Now, we strip the two versions of our program to remove the .symtab symbol table, and force the system to use the dynamic tables instead:

% strip test_ldynsym test_noldynsym 
% file test_ldynsym test_noldynsym 
test_ldynsym:   ELF 32-bit LSB executable 80386 Version 1, dynamically linked, stripped
test_noldynsym: ELF 32-bit LSB executable 80386 Version 1, dynamically linked, stripped

Running the version without a .SUNW_ldynsym section:

% ./test_noldynsym 
/home/ali/test/test_noldynsym:0x6ca
/home/ali/test/test_noldynsym:main+0xb
/home/ali/test/test_noldynsym:_start+0x7a
Segmentation Fault (core dumped)
% pstack core
core 'core' of 5041:    ./test_noldynsym
 080506d2 ???????? (804692c, 80467a4, 805062a, 1, 80467b0, 80467b8)
 080506eb main     (1, 80467b0, 80467b8) + b
 0805062a _start   (1, 8046994, 0, 80469a5, 80469bf, 8046a03) + 7a

Our program used the printstack(3C) function to display its own stack. Afterwards, we use the pstack command to view the same data from the core file. In both cases, the top line represents the call to the local function static_func(), a fact that we know from examining the source code, since the number and/or '????????' used to represent it are less than obvious to an external observer.

Running the version with a .SUNW_ldynsym section, the system is able to put a name to the local function:

% ./test_ldynsym 
/home/ali/test/test_ldynsym:static_func+0xa
/home/ali/test/test_ldynsym:main+0xb
/home/ali/test/test_ldynsym:_start+0x7a
Segmentation Fault (core dumped)
% pstack core
core 'core' of 5044:    ./test_ldynsym
 08050802 static_func (8046930, 80467a8, 805075a, 1, 80467b4, 80467bc) + 12
 0805081b main     (1, 80467b4, 80467bc) + b
 0805075a _start   (1, 8046998, 0, 80469a7, 80469c1, 8046a05) + 7a

Conclusions

Sometimes it is the little things that make a difference. I expect that the local dynamic symbol table will provide valuable information in difficult debugging situations where one is examining large stripped programs running in a production environment. The rest of the time, the additional data is small, and will have little or no impact on performance.

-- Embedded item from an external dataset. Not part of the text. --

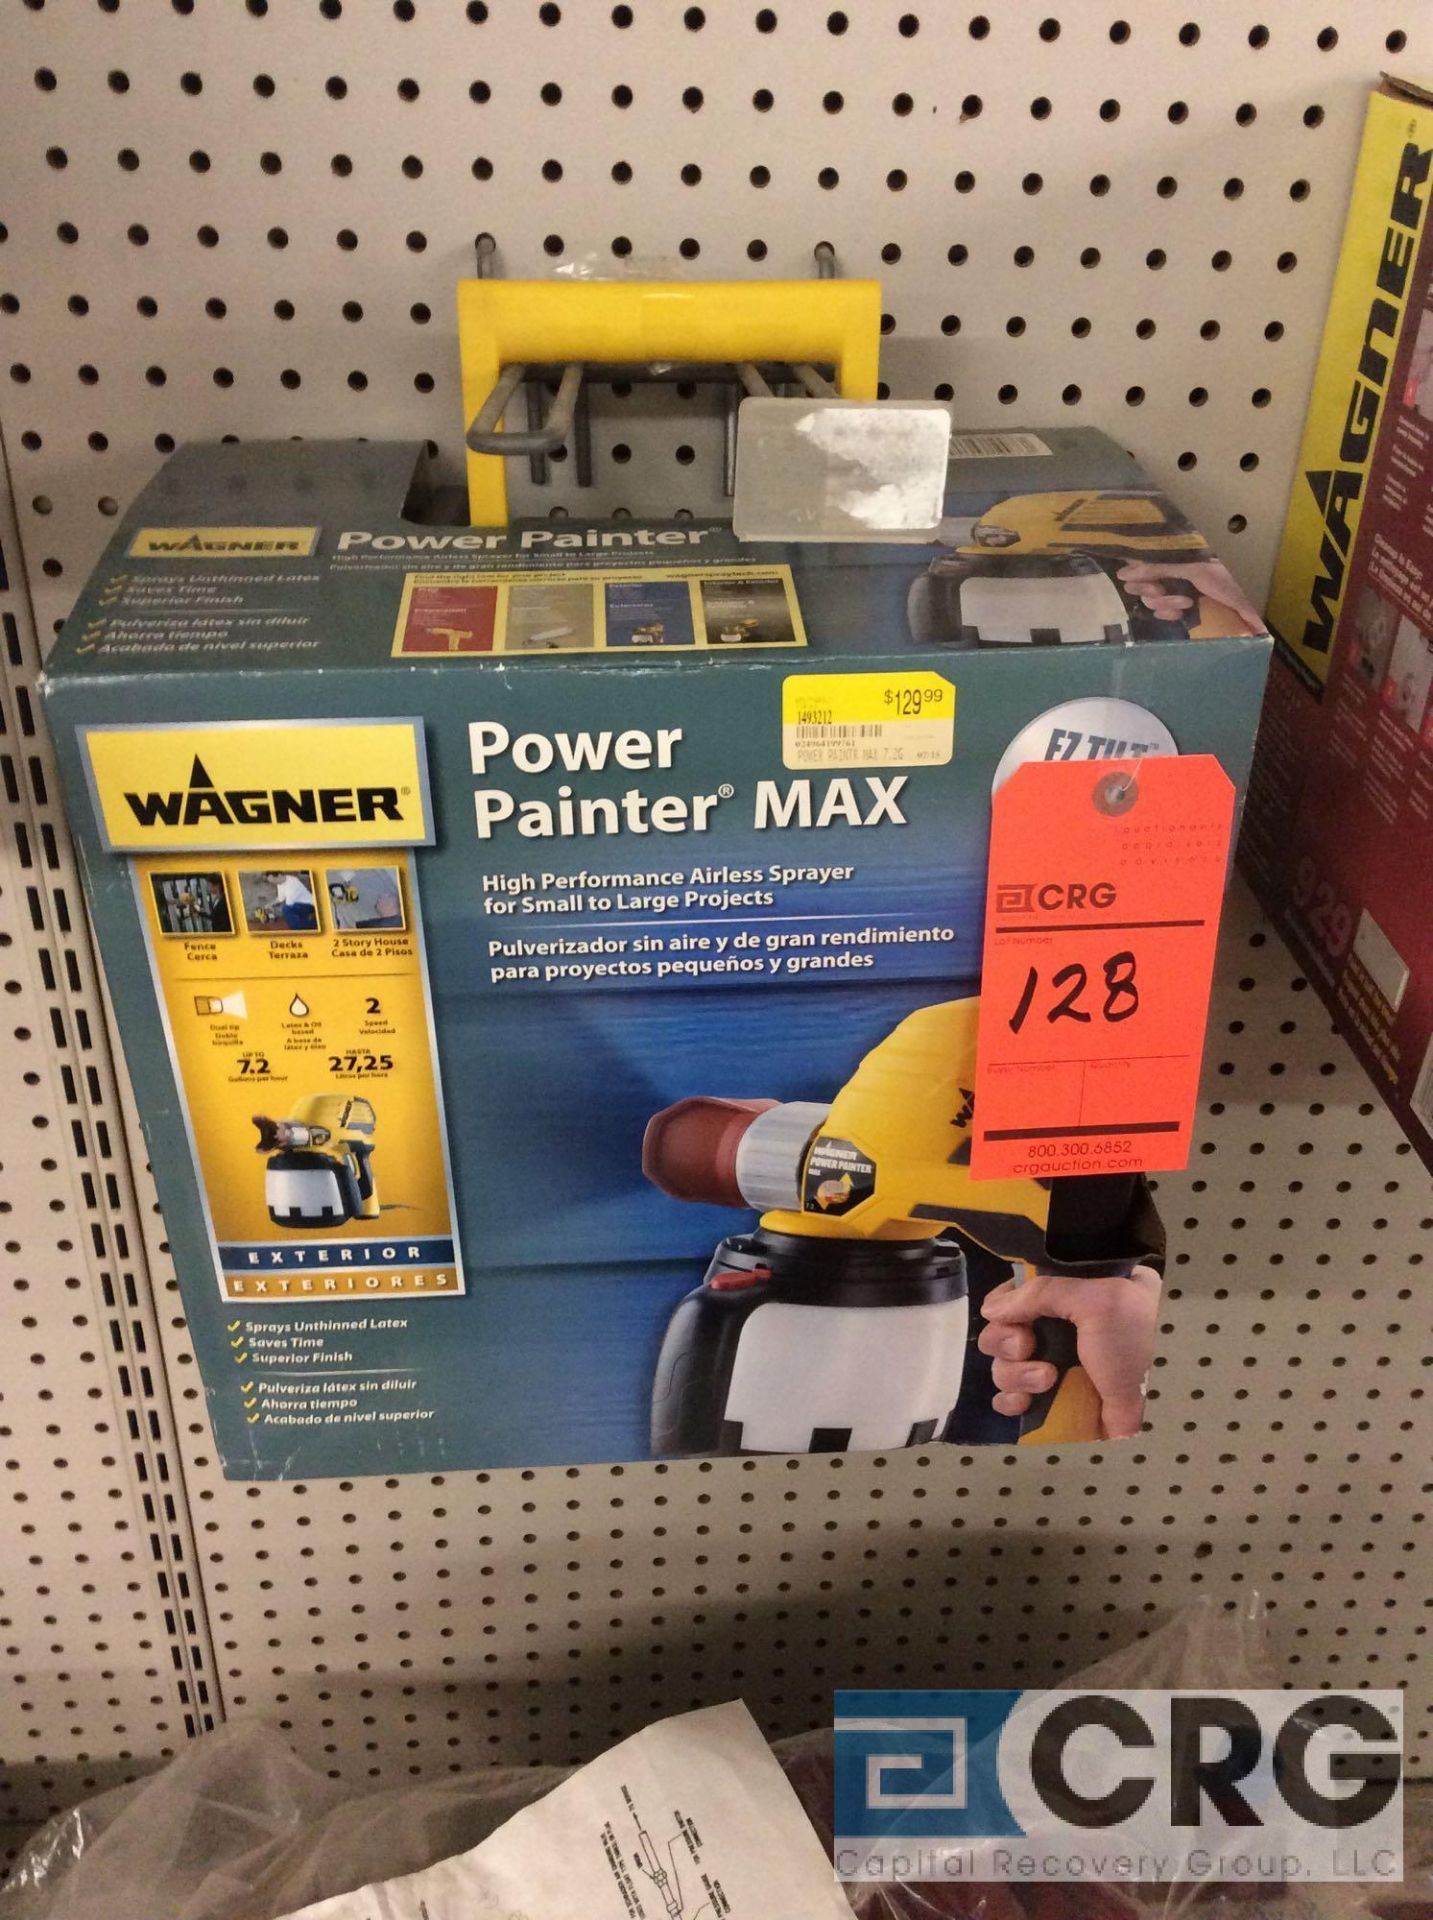 Wagner Power Painter Max airless sprayer
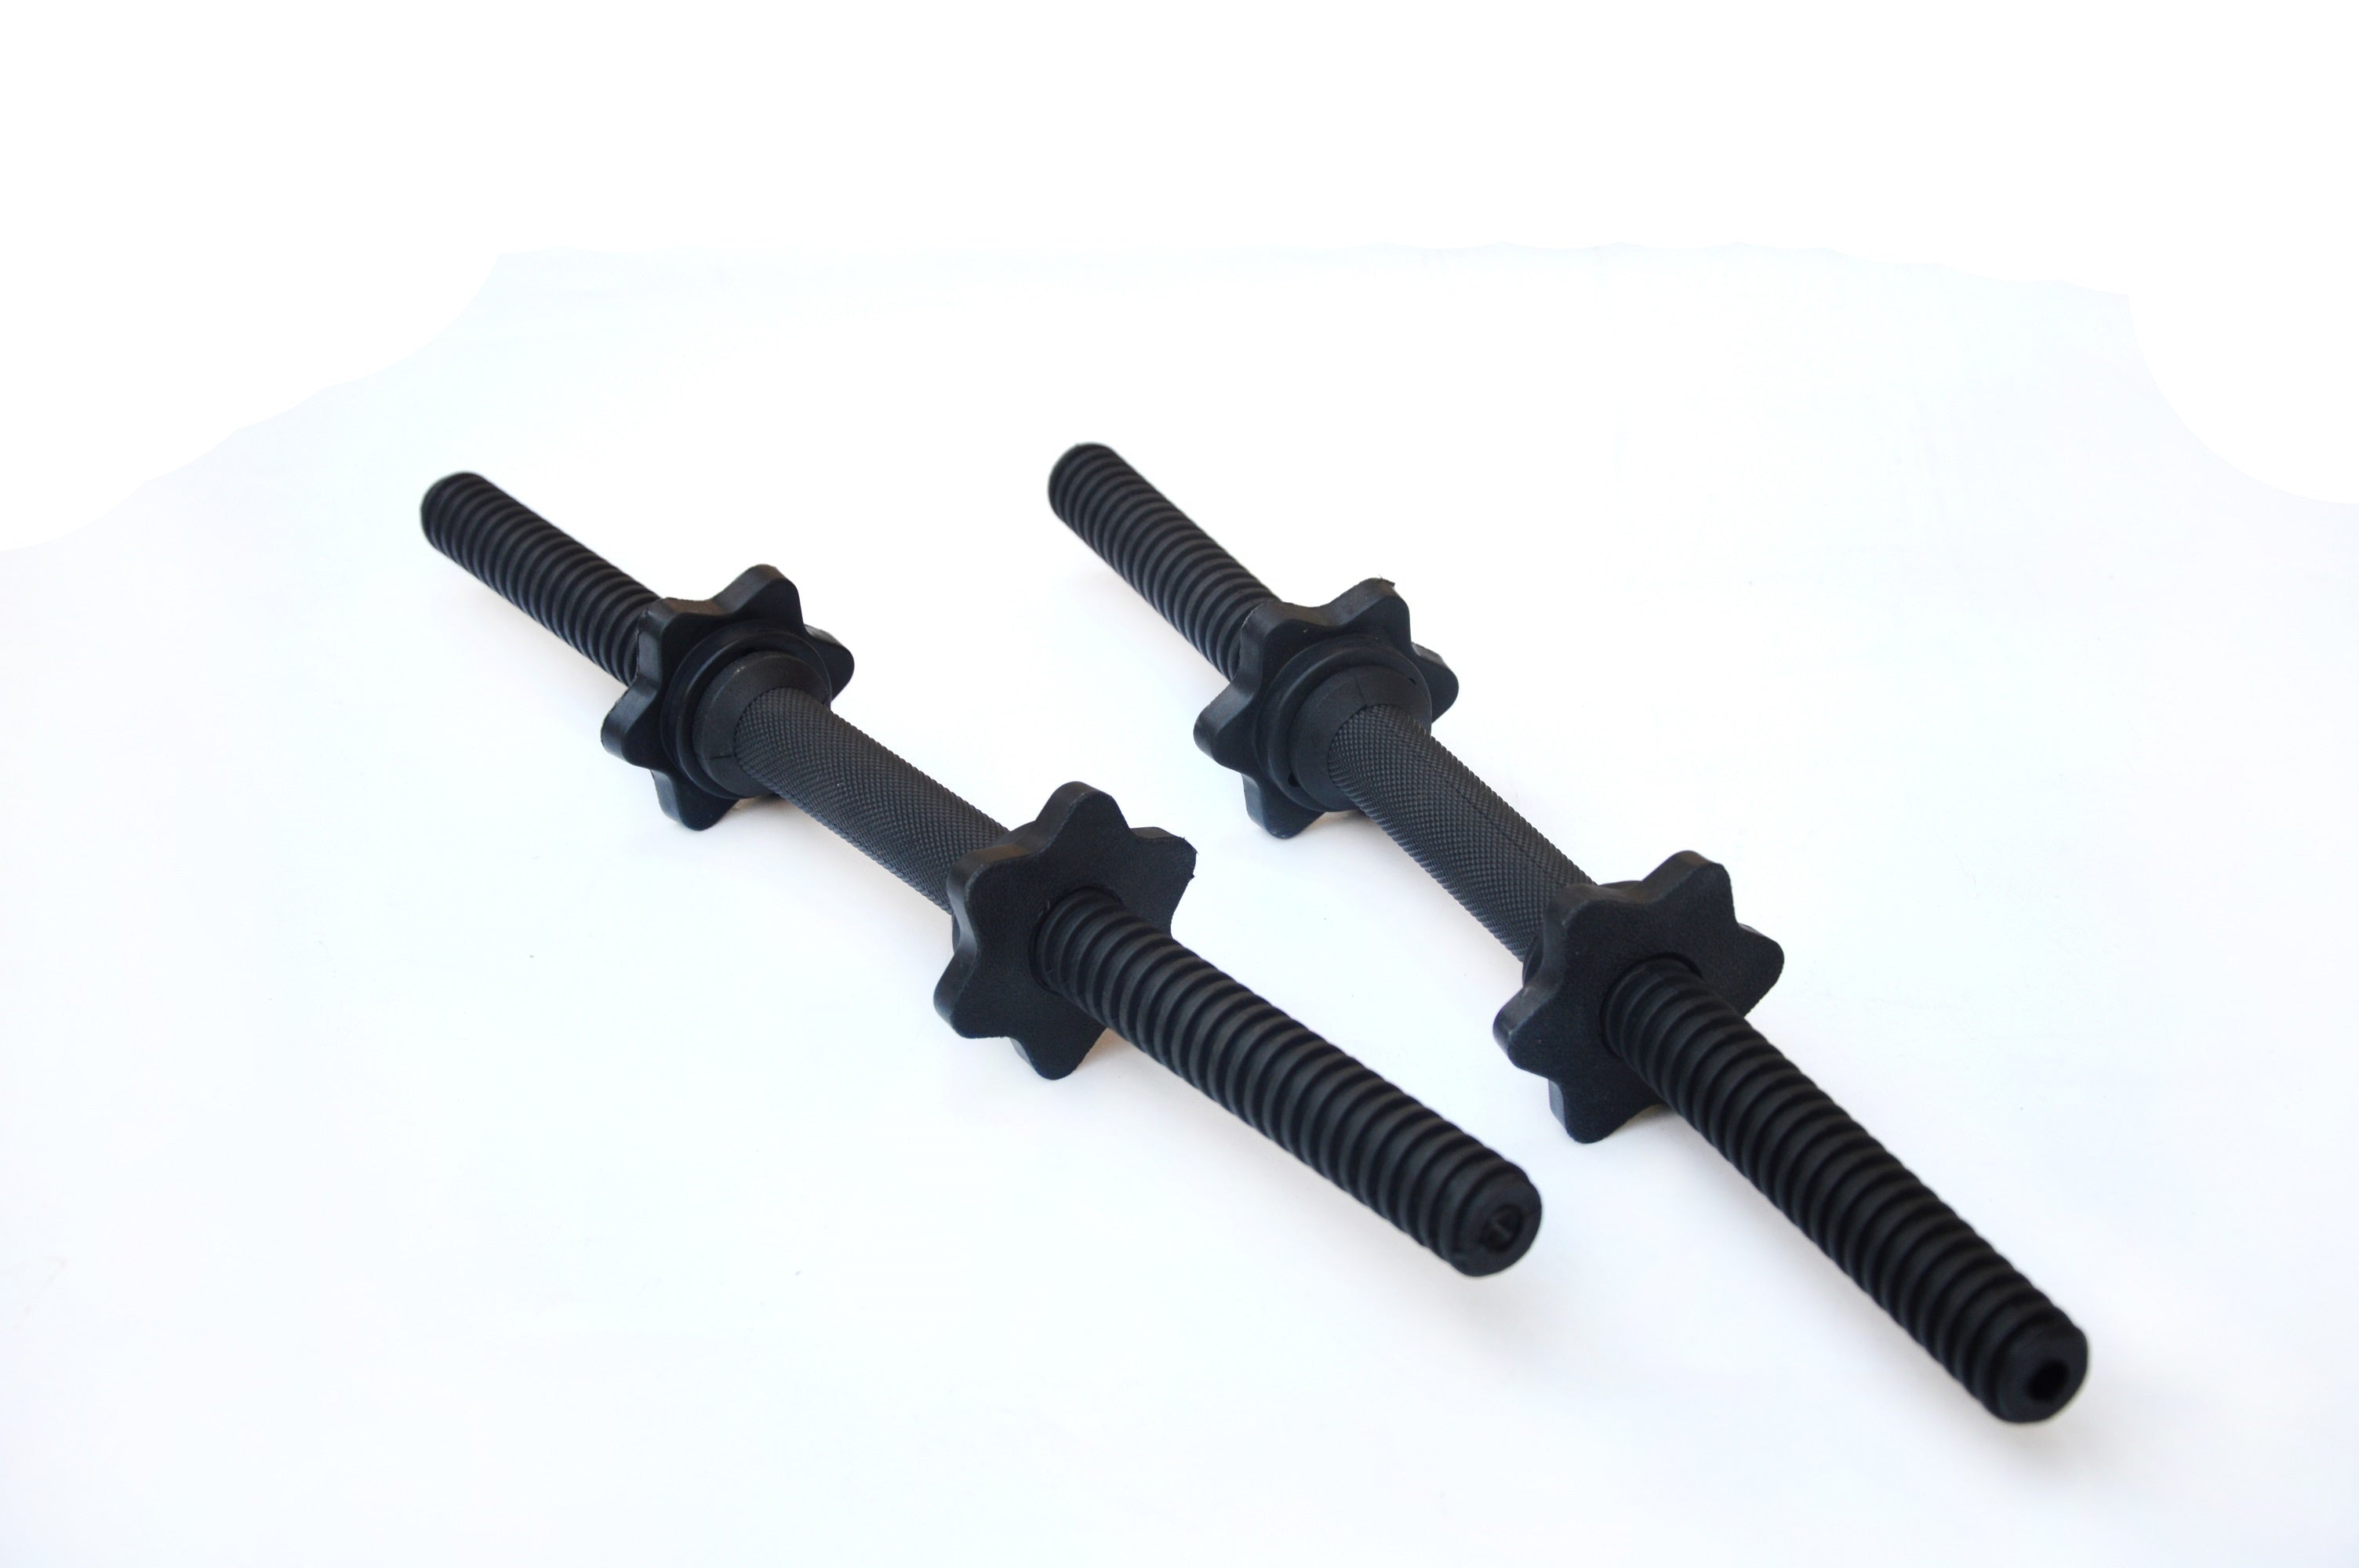 45cm - 1 Pair Dumbbell Bar 25mm Diameter - PVC Coated Dumbell Handle

.SUNW_ldynsym sections have been part of the Solaris development (Nevada) builds since last fall, and are also available in OpenSolaris.

Technorati Tag: OpenSolaris
Technorati Tag: Solaris

Posted at 02:05PM Feb 07, 2007 by ali in Sun | Comments[7]

Comments:

It's interesting that you say “the additional data is small, and will have little or no impact on performance”. The GCC developers seem to have gone to some length to remove symbols from dynamic shared objects with their -fvisibility=hidden support. They claim that this option “can very substantially improve linking and load times of shared object libraries”.

So do you disagree with them, or is there a key difference between your work and theirs? Are you testing plain C code while they're considering the symbol bloat in C++ code which uses templates? I suppose that you are able to ignore the .SUNW_ldynsym section when resolving undefined references during dynamic loading, so maybe its presence doesn't hurt performance so much?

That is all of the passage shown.